Data section:
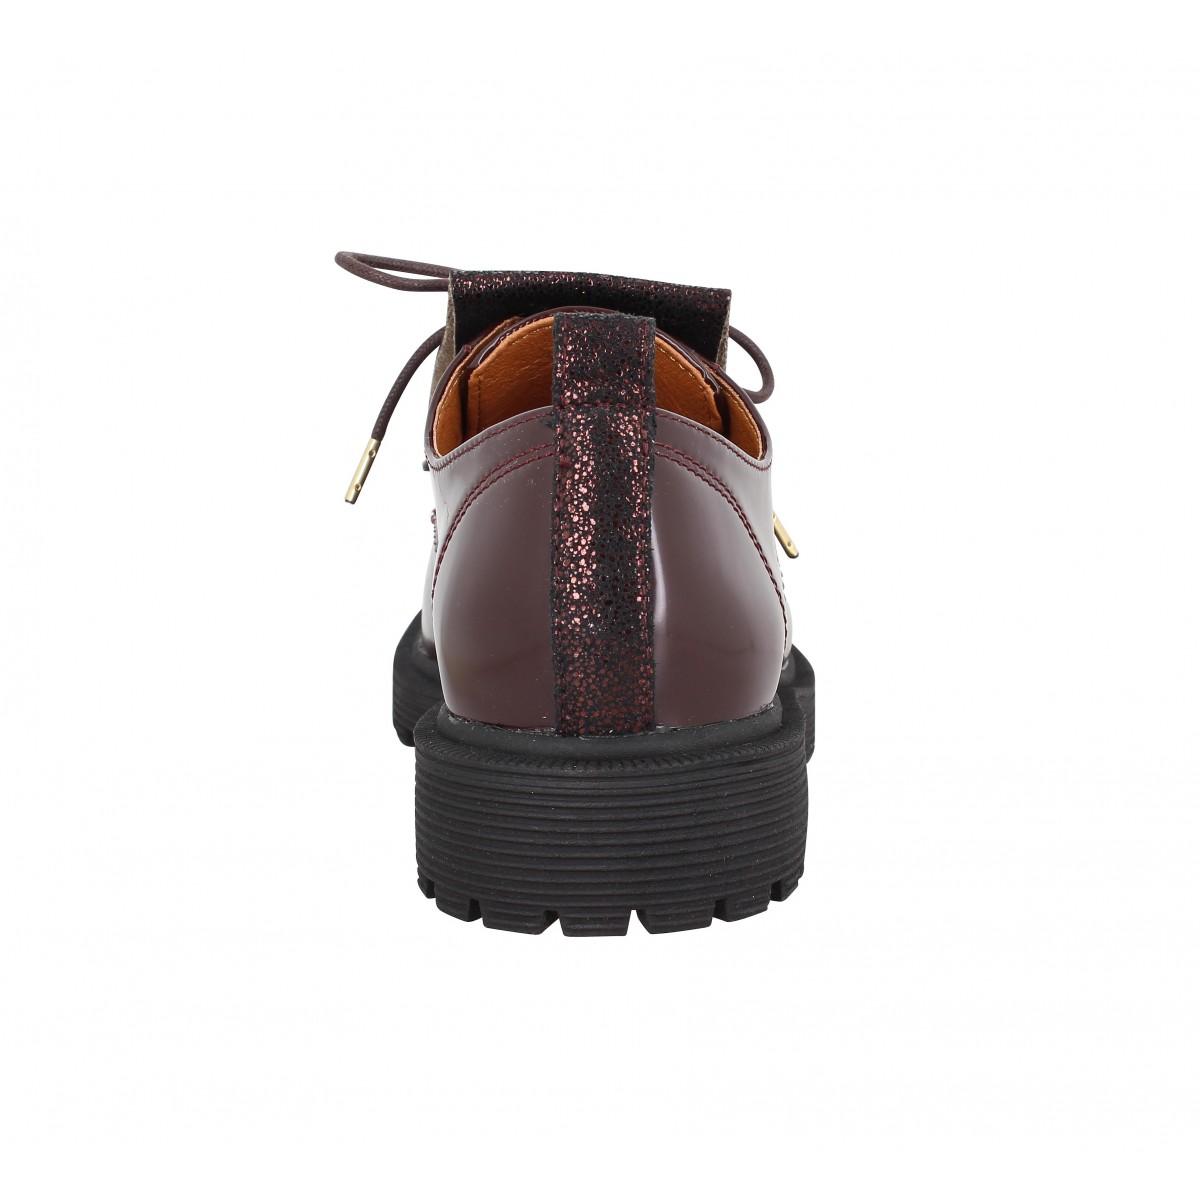 Chaussures à lacets ARMISTICE Rock Derby vernis Femme BordeauxArmistice 7GNuBi
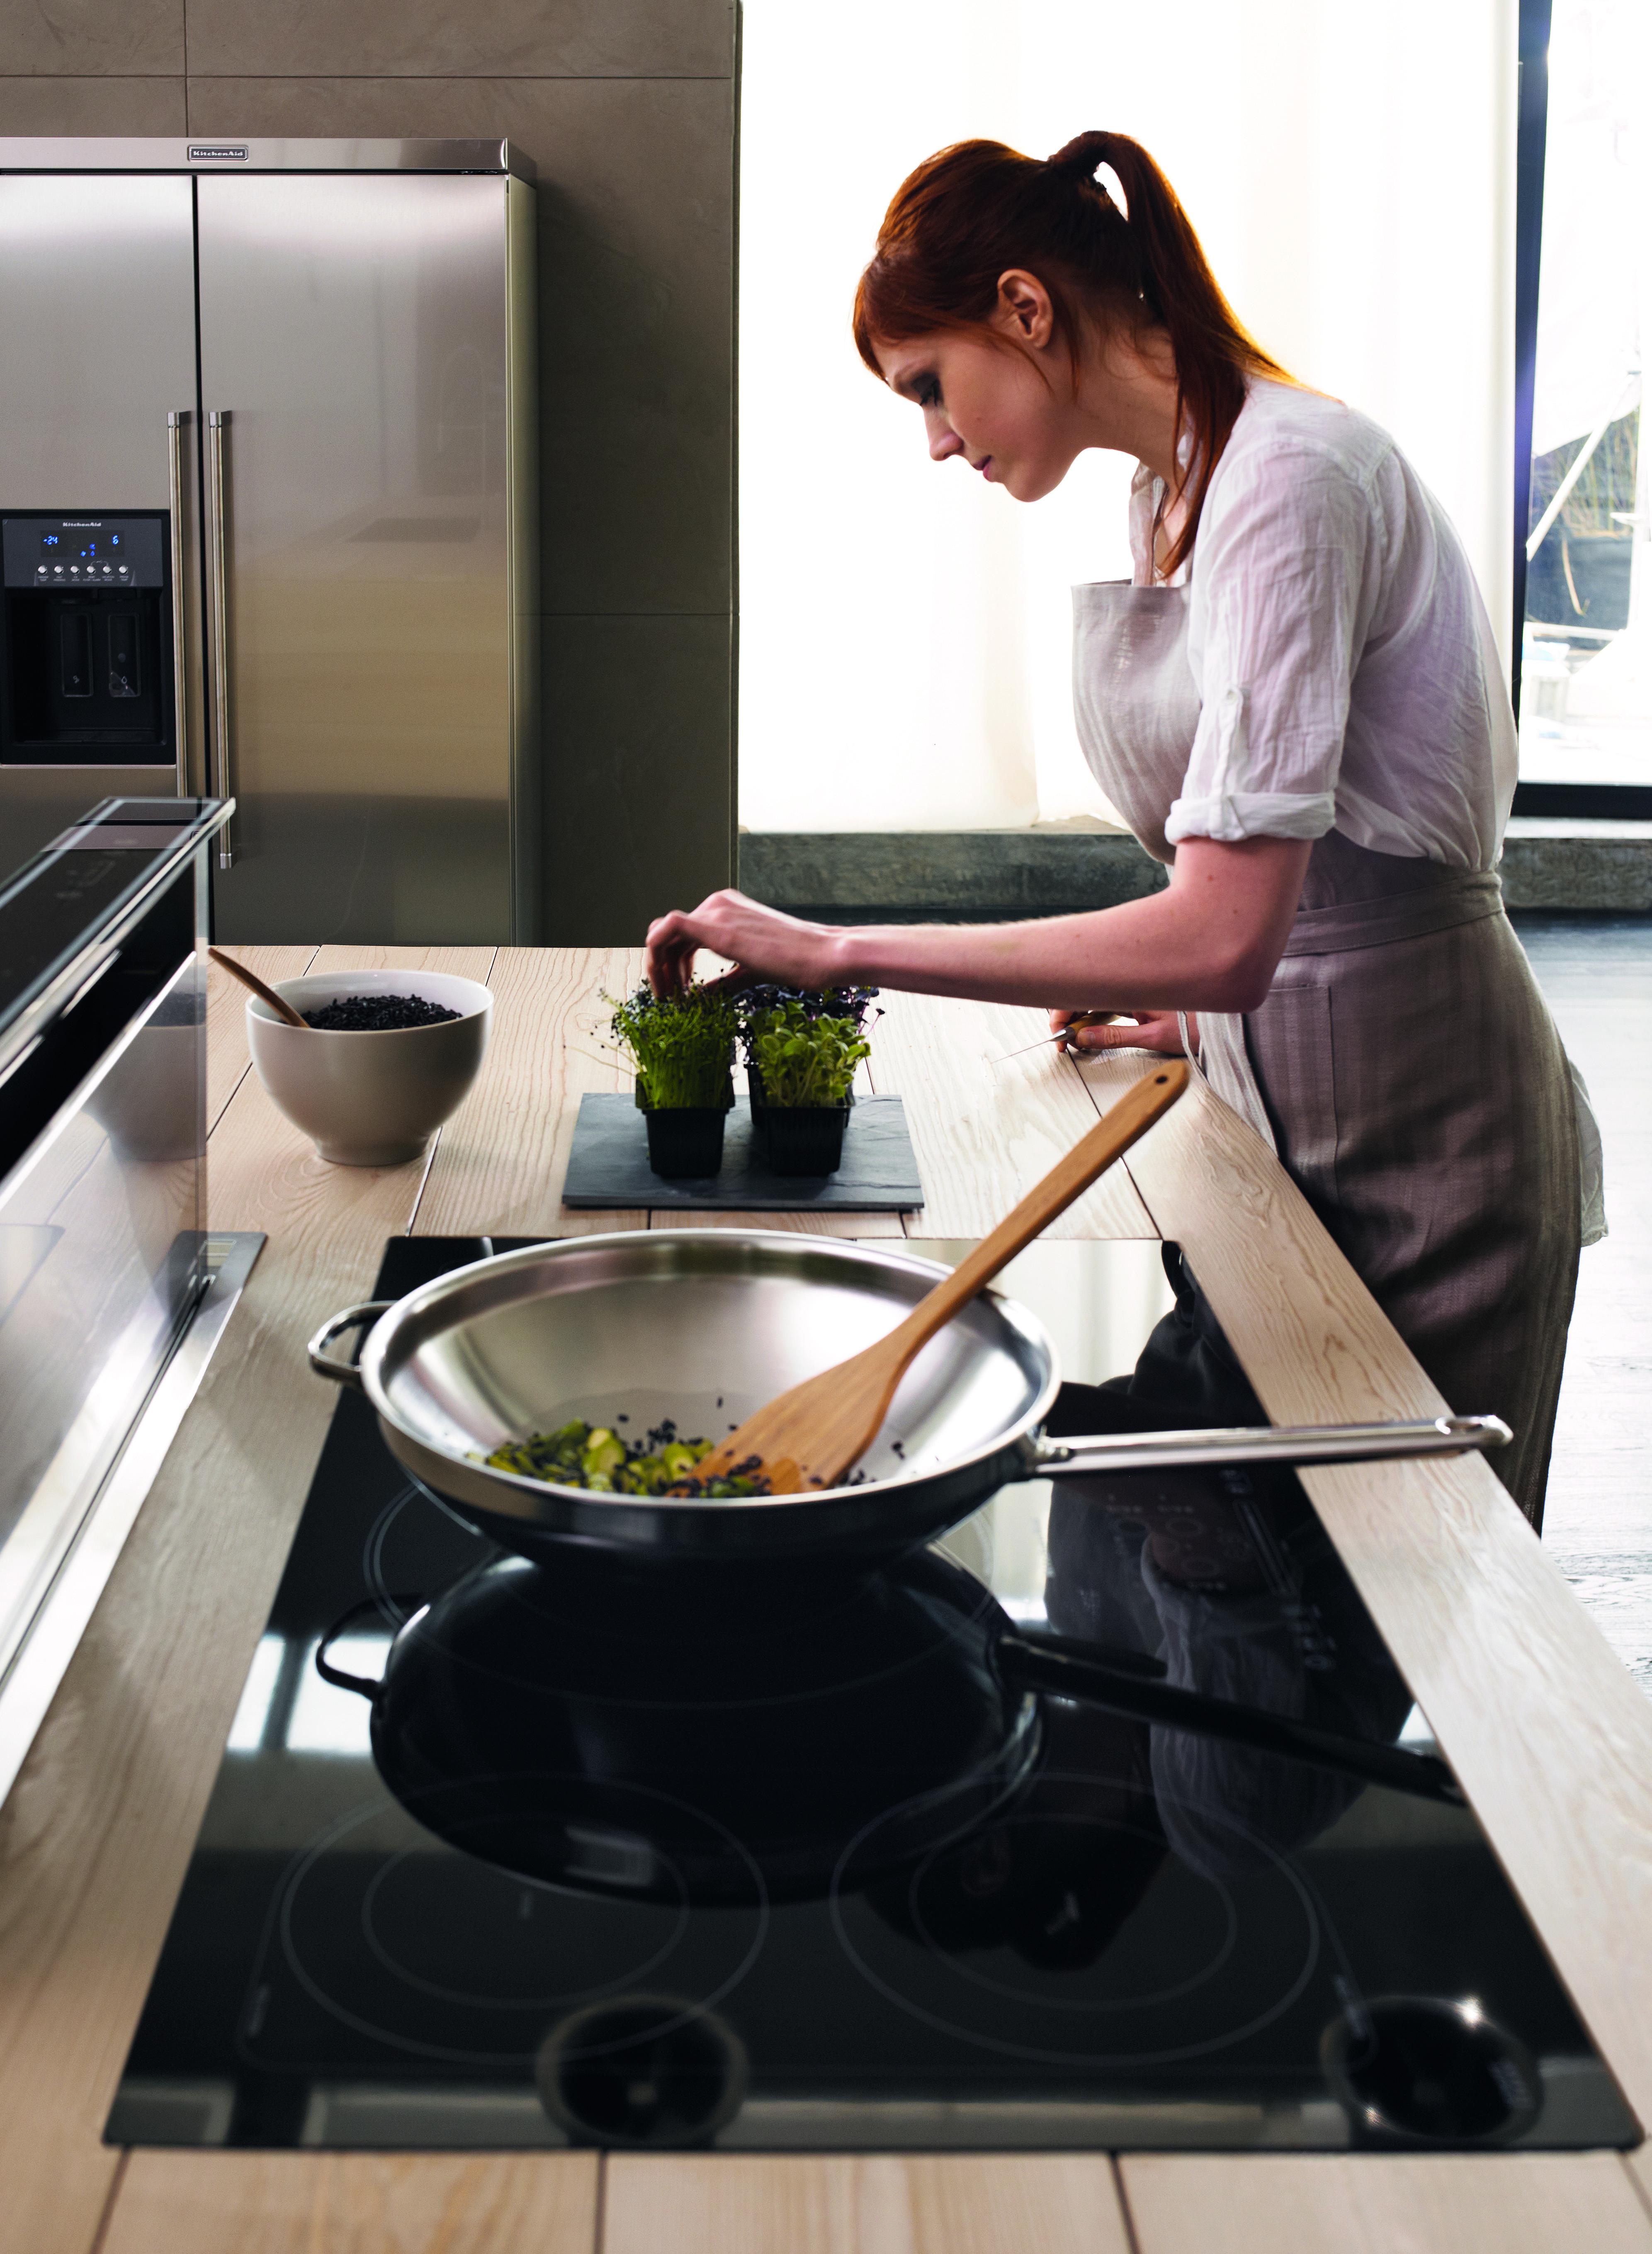 Mettiti alla prova in cucina e vinci grazie a KitchenAid!
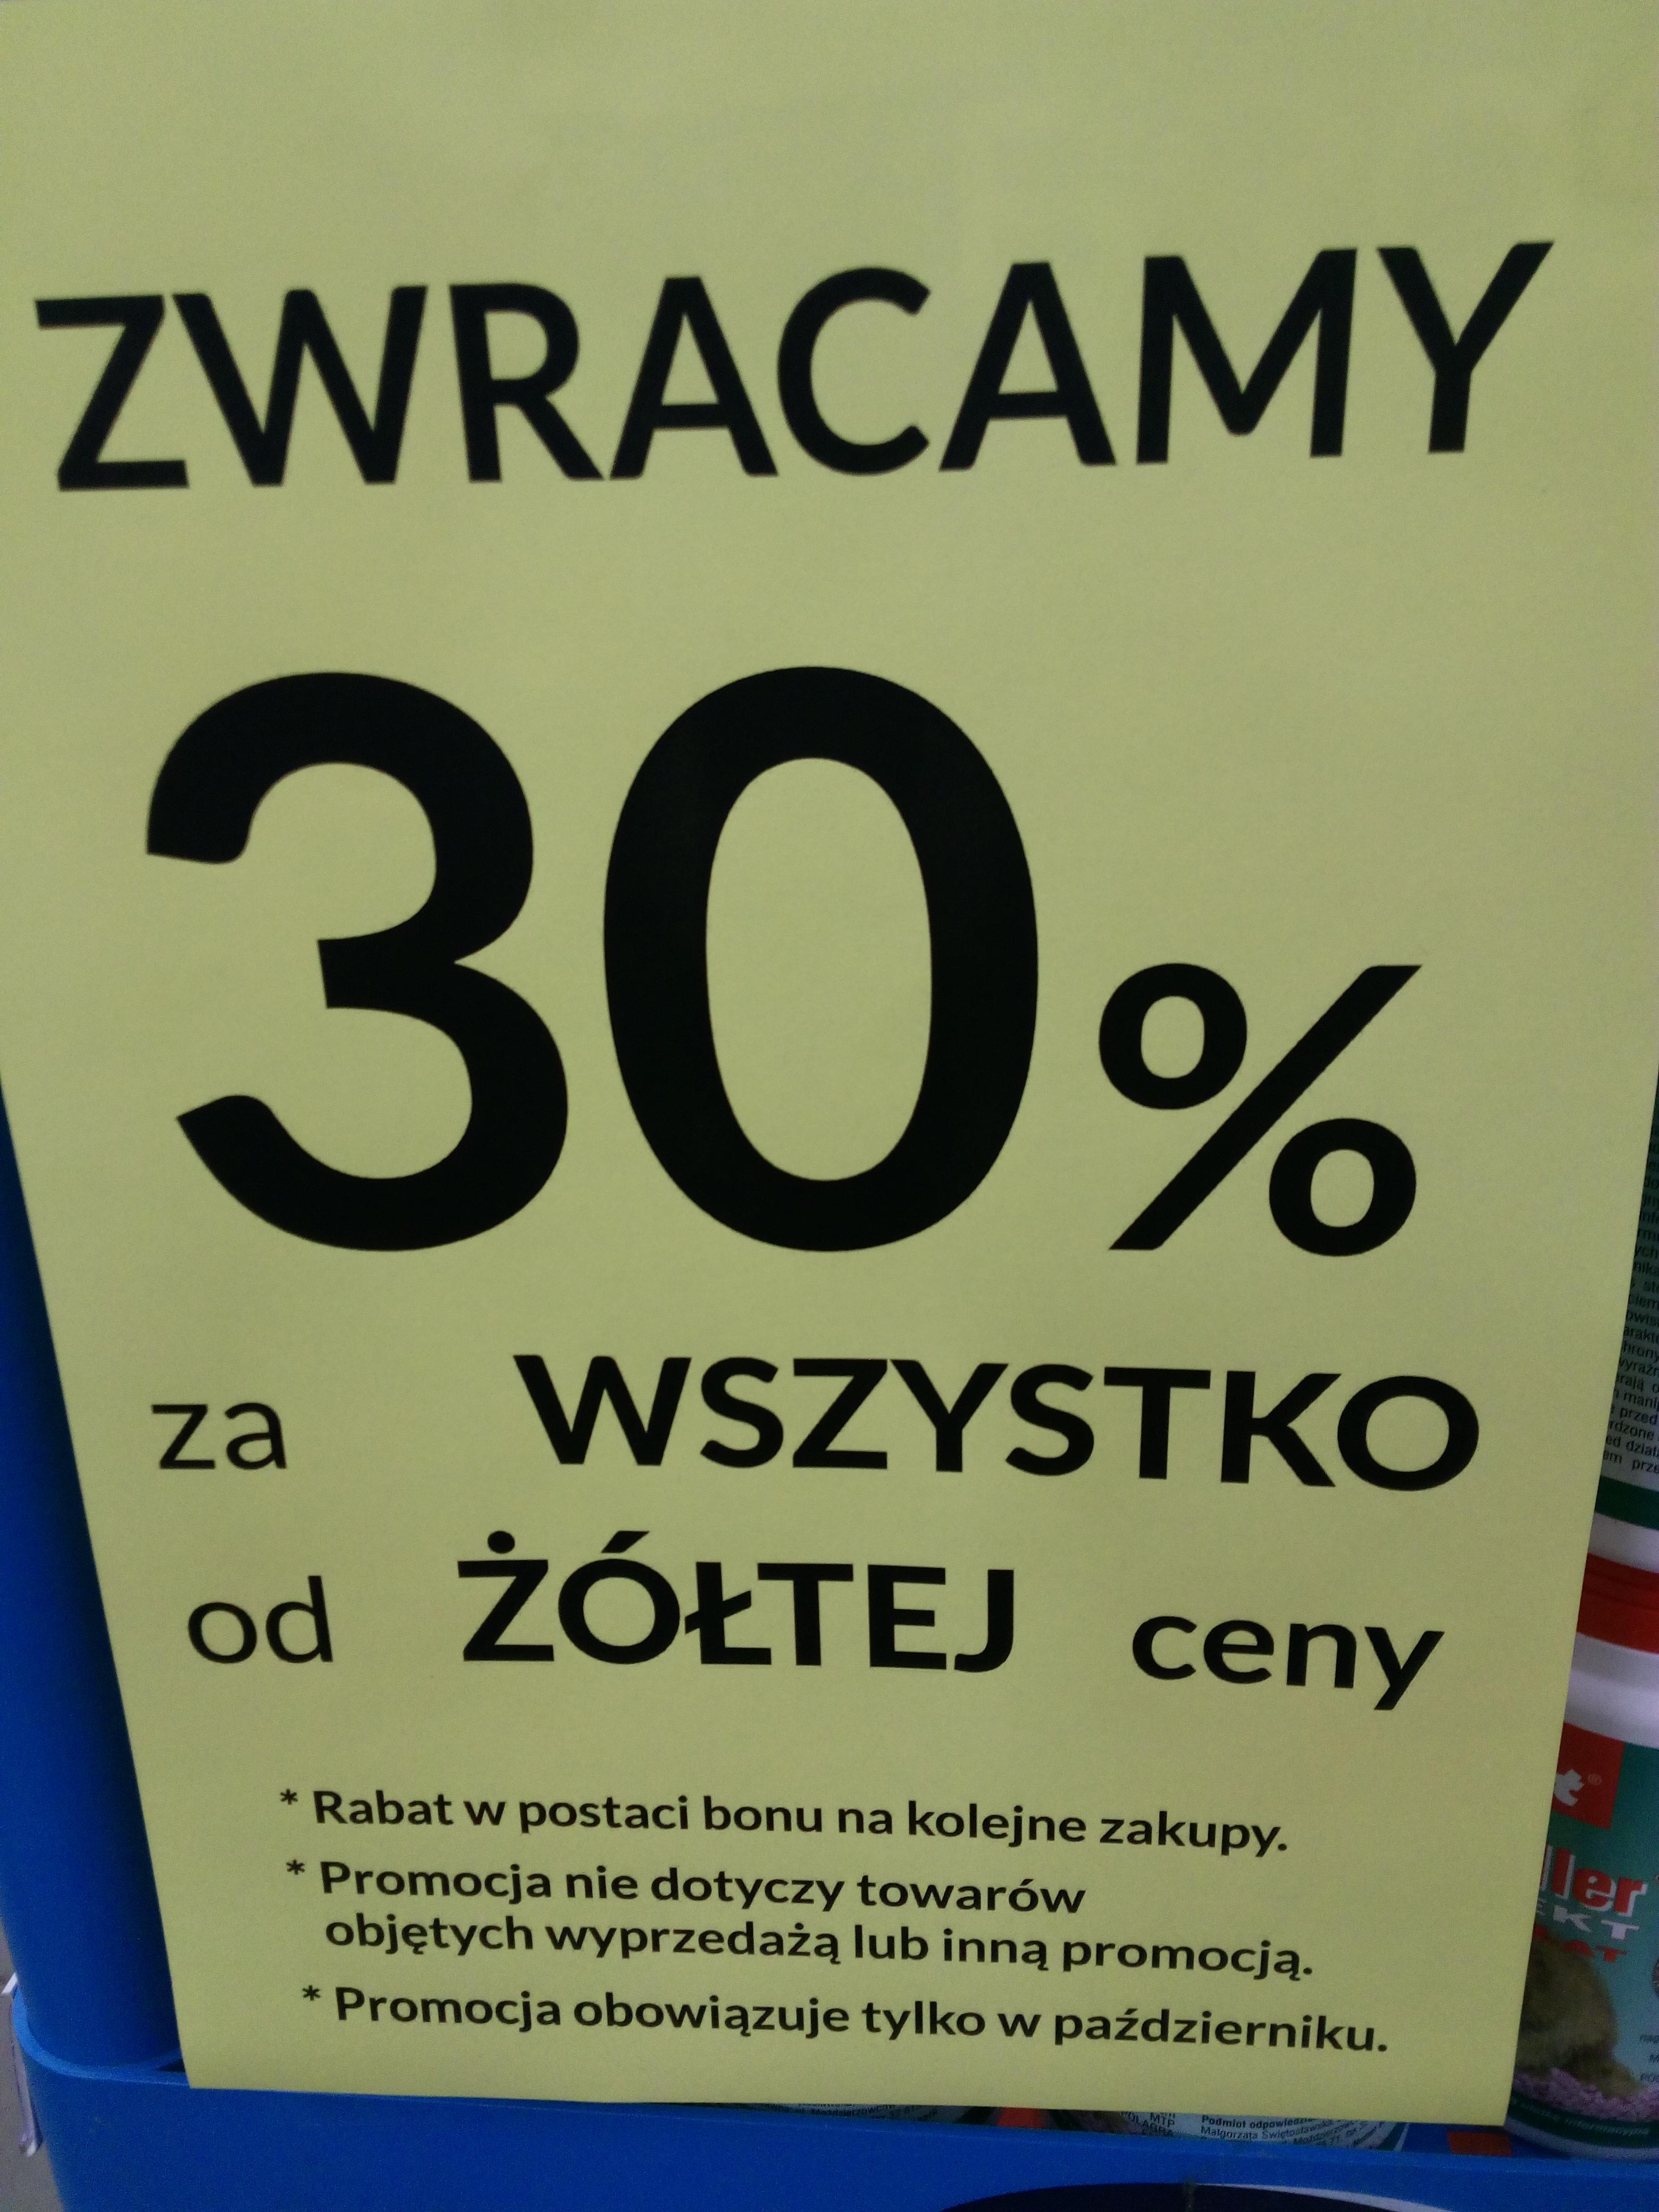 MAJSTER  w Rzeszów / Bełchatów  / Mielec zwraca 30% w bonach

Required work:
Pictures are not part of the copy. Reproduce the lines from the one with "Mettiti alla prova" through the end of the listing above.

Output:
 Mettiti alla prova in cucina e vinci grazie a KitchenAid!
 MAJSTER  w Rzeszów / Bełchatów  / Mielec zwraca 30% w bonach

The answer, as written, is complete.